A good scratching post should be sturdy and tall enough for your cat to enjoy using it. Cats love to stretch and flex their muscles while they scratch, so a tall post will provide them with the opportunity to do just that.
For example, if you have a large cat, such as a Maine Coon, consider a post that is at least 32 inches tall. This will allow your cat to fully stretch their body while they scratch. On the other hand, smaller cats like Siamese or domestic shorthairs might be perfectly content with a slightly shorter post.
In terms of sturdiness, make sure the post has a solid, weighted base that can withstand your cat’s enthusiastic scratching. You don’t want the post to topple over as your cat uses it, as that could not only be dangerous for your cat, but it may also discourage them from using the post in the future.

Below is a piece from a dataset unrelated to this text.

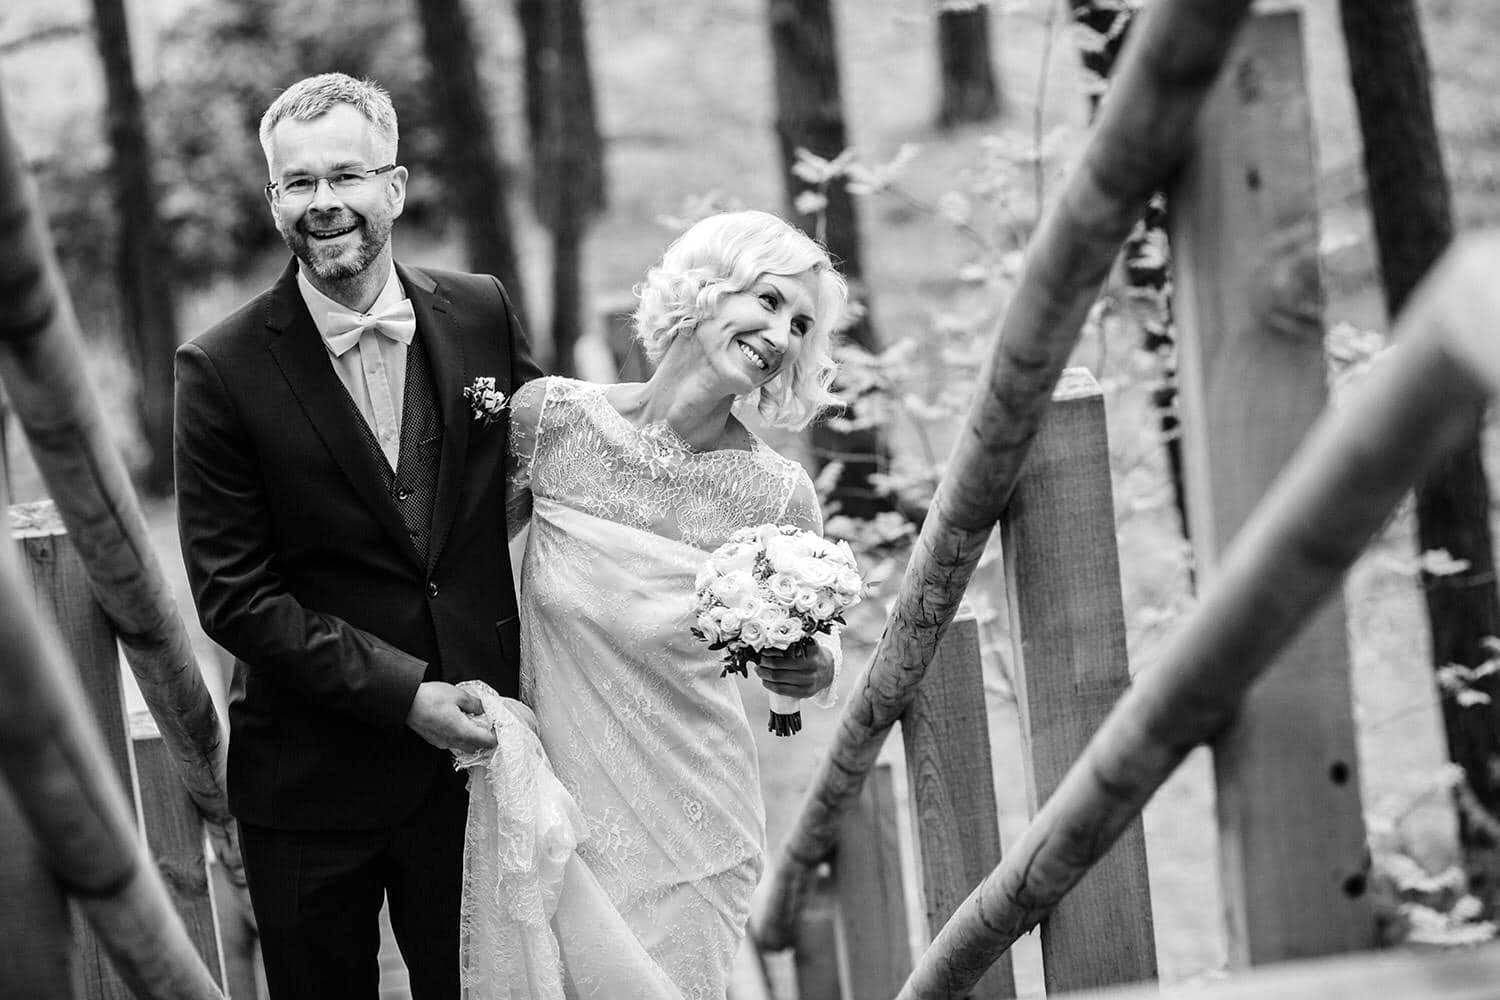 FOTO. VIDEO. Slepus apprecējušies konkurējošo televīziju spīdošākās zvaigznes Ilze Jaunalksne un Gundars Rēders (Bilde 4)

One popular material for scratching posts is sisal rope, which provides a satisfying texture for cats to dig their claws into. Other options include corrugated cardboard or carpeted posts, so you can choose the one that best suits your cat’s preferences.
2. Place it near a favorite sleeping spot.
Once you have the perfect scratching post, the next step is to place it in an area where your cat is likely to use it. Cats often like to scratch after waking up from a nap, so positioning the post near their favorite sleeping spot can be an excellent strategy to encourage its use.
If your cat loves to snooze on a particular windowsill or in a cozy corner of the living room, set up the scratching post close to that location. This way, when your cat wakes up from their nap and feels the need to stretch and scratch, the post will be conveniently nearby.
Another advantage of placing the post near your cat’s sleeping area is that it creates a positive association between the post and a comfortable, familiar environment. This familiarity can help your cat feel more inclined to use the post regularly.
Keep in mind that every cat is unique, so you might need to experiment with different locations to find the one that works best for your furry friend. If you notice your cat isn’t using the post in its current location, don’t be discouraged. Simply try moving it to another spot until you find the perfect place.
3. Use catnip or treats to attract your cat.
There are several methods you can try. Here’s a list of some tried-and-true techniques to entice your feline friend to use their new scratching post:
- Catnip: Many cats go crazy for catnip, which is a natural herb that triggers a euphoric response in some felines. Sprinkling a bit of catnip on the post can make it instantly more attractive to your cat. For an even stronger effect, you can use a catnip spray, which is a concentrated solution that can be applied directly to the post.
- Treats: Strategically placing your cat’s favorite treats on or near the scratching post can be a great way to encourage them to explore and use it. You can even try hiding treats in the nooks and crannies of the post for your cat to discover as they scratch.
- Toys: Hanging a toy from the top of the post or attaching it to the side can provide an added incentive for your cat to interact with the post. Cats love to play and hunt, so incorporating a toy into the post can make it even more engaging and enjoyable for them.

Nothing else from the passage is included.